Word for word, retype the lines from the one containing "Le lac Eola" to the one containing "Buy bracelets in" below, keeping both end lines and dropping the pictures.

> **WORKING DATA**
• • • • •
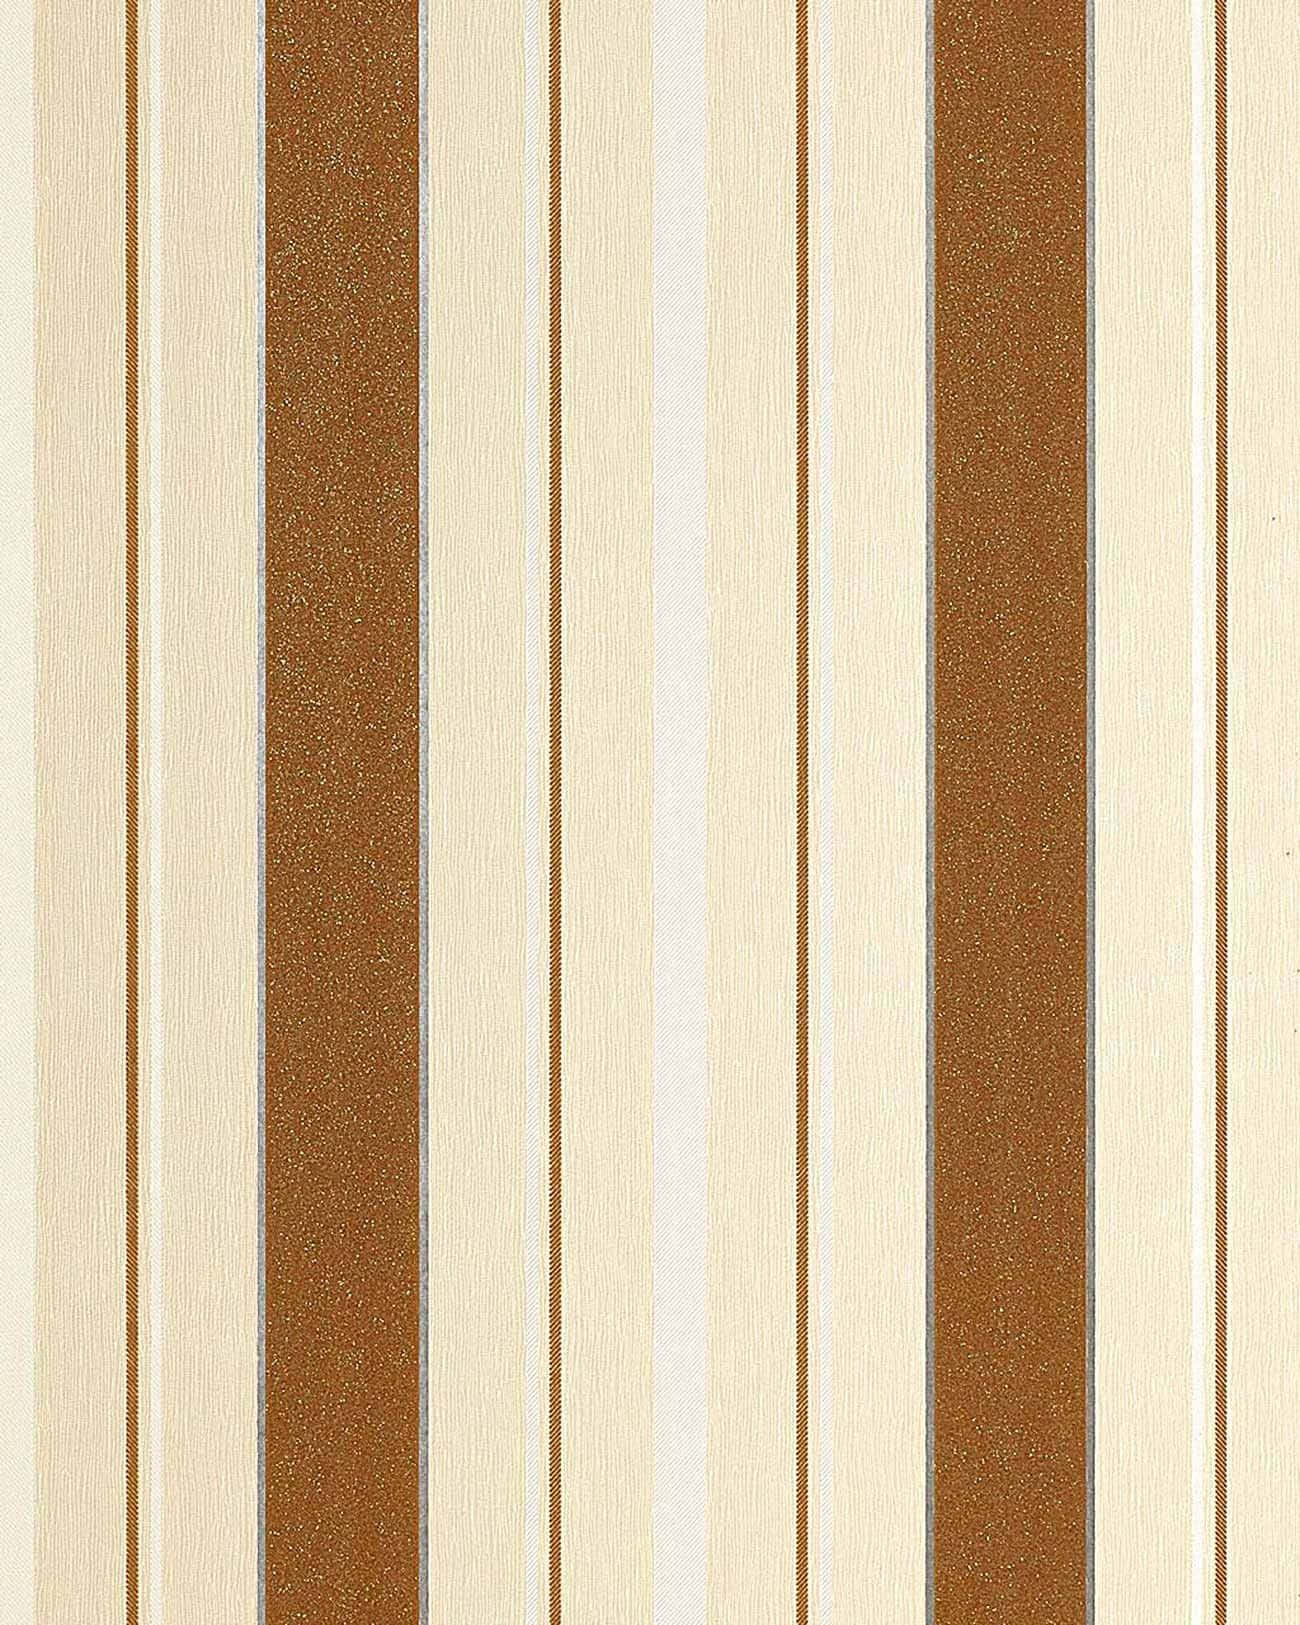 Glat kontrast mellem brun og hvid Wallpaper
• • • • •
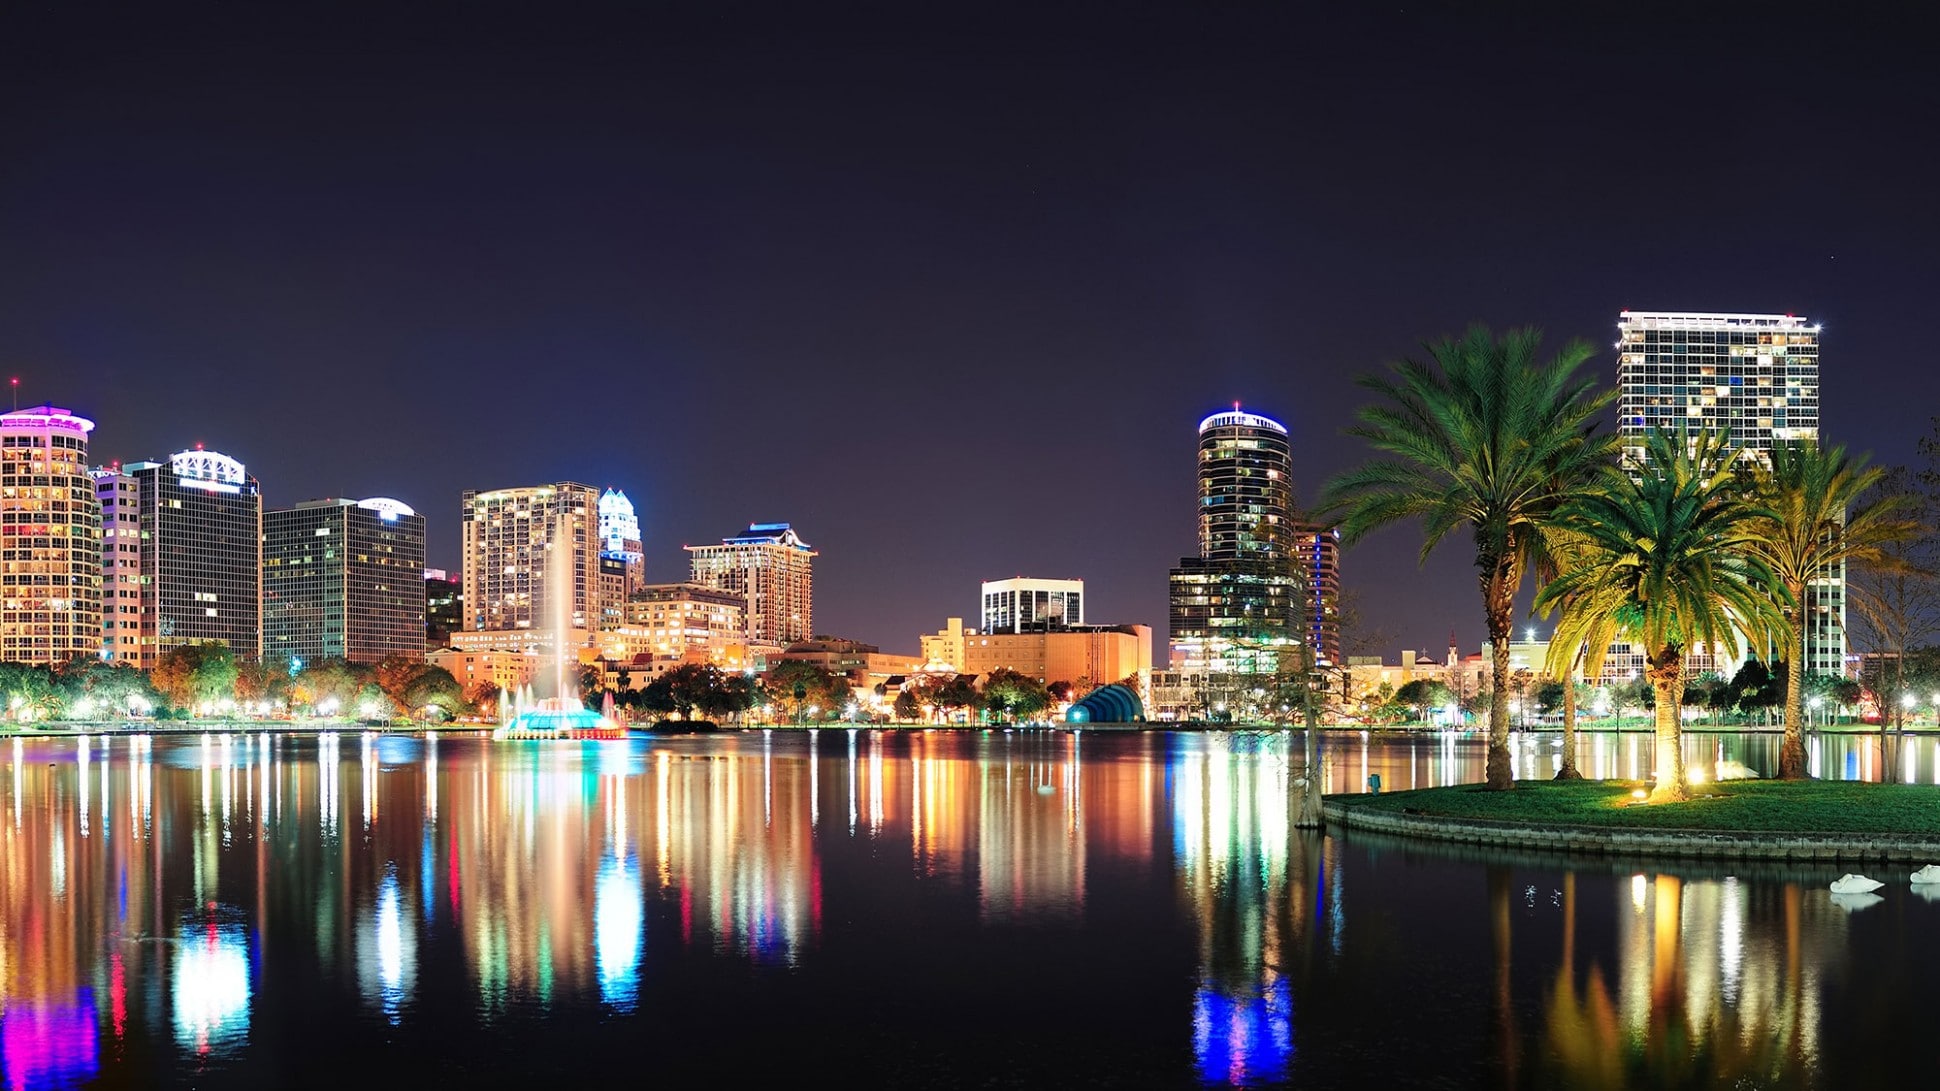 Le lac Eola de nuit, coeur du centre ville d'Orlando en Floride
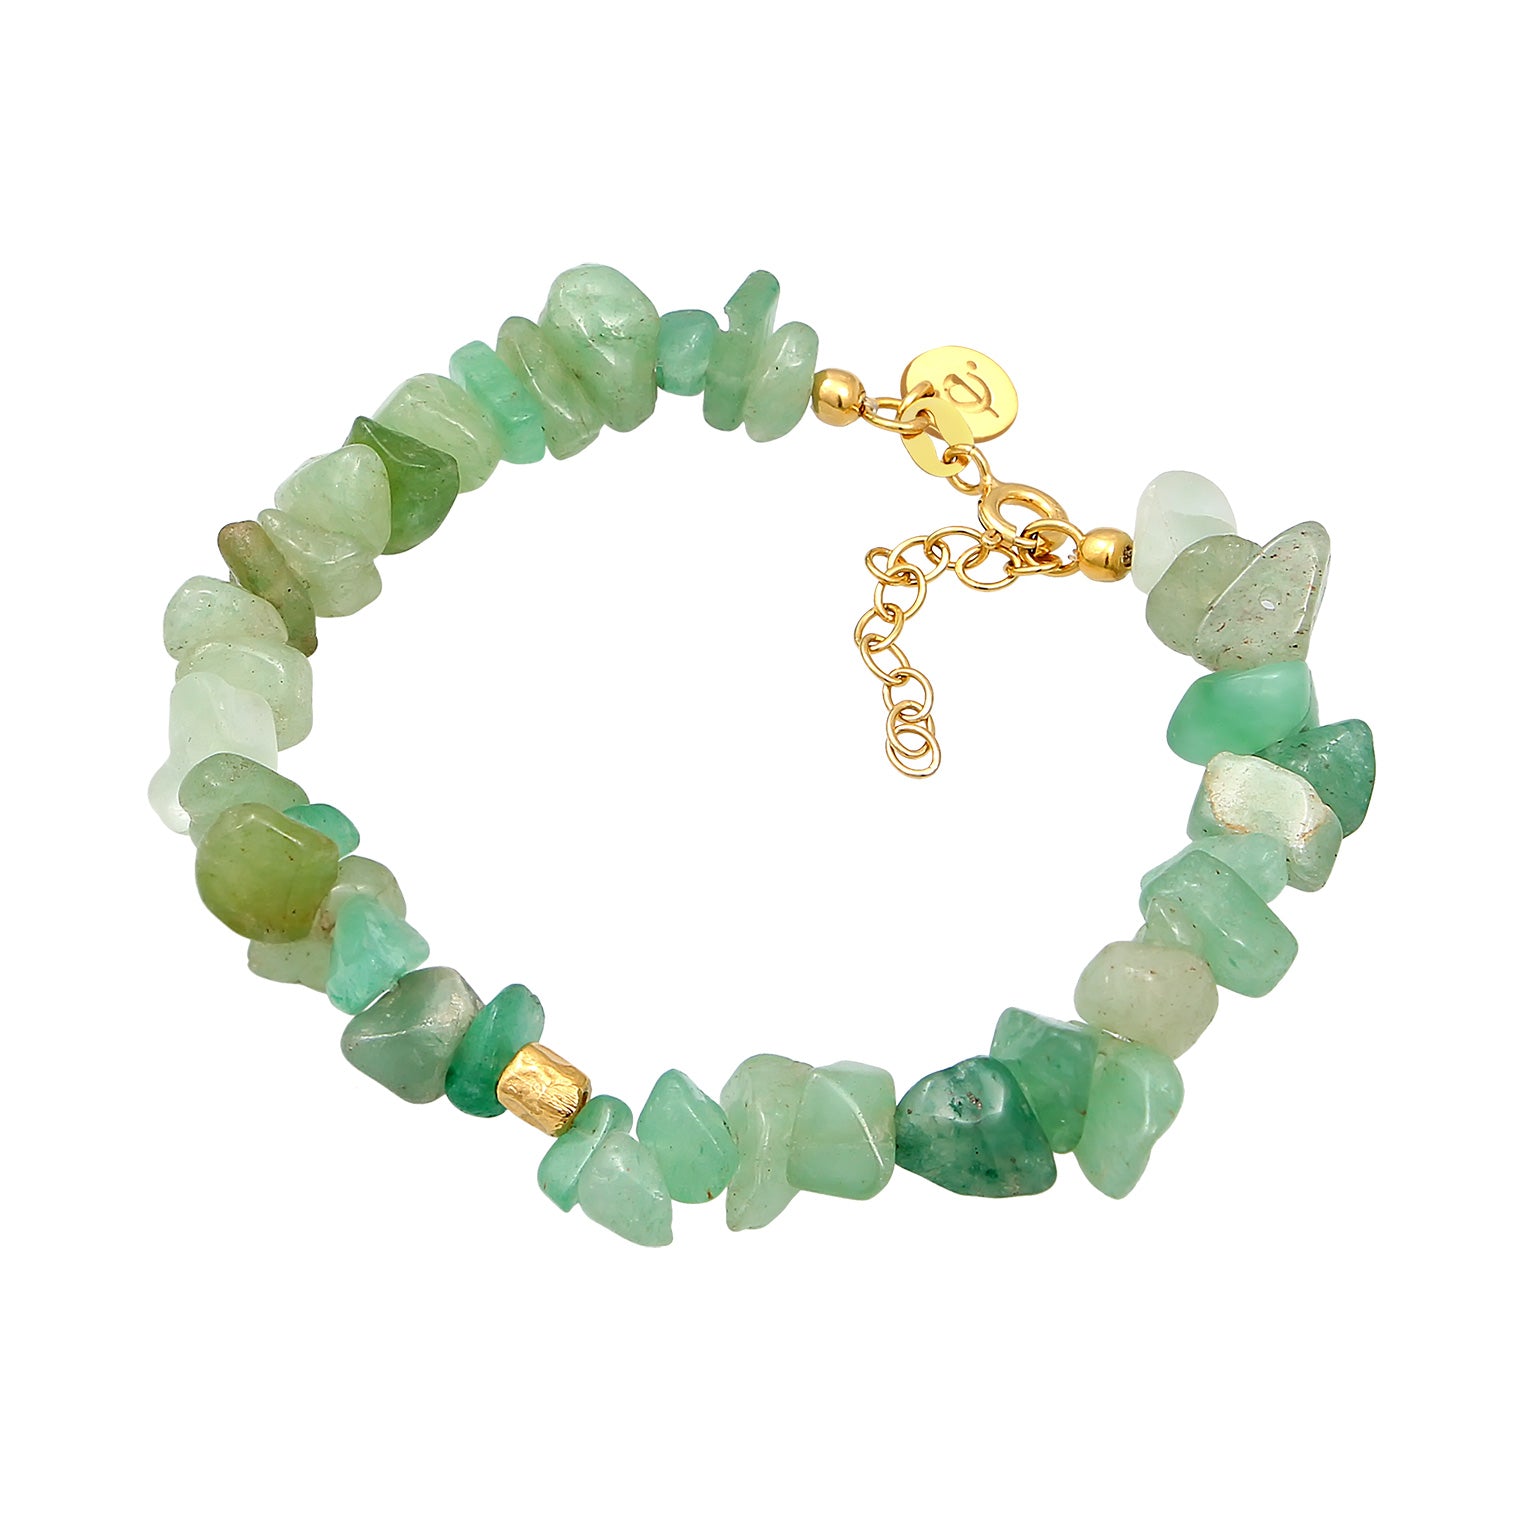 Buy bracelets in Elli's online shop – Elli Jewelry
• • • • •
> **EXERCISE SOLUTION**
 Le lac Eola de nuit, coeur du centre ville d'Orlando en Floride
 Buy bracelets in Elli's online shop – Elli Jewelry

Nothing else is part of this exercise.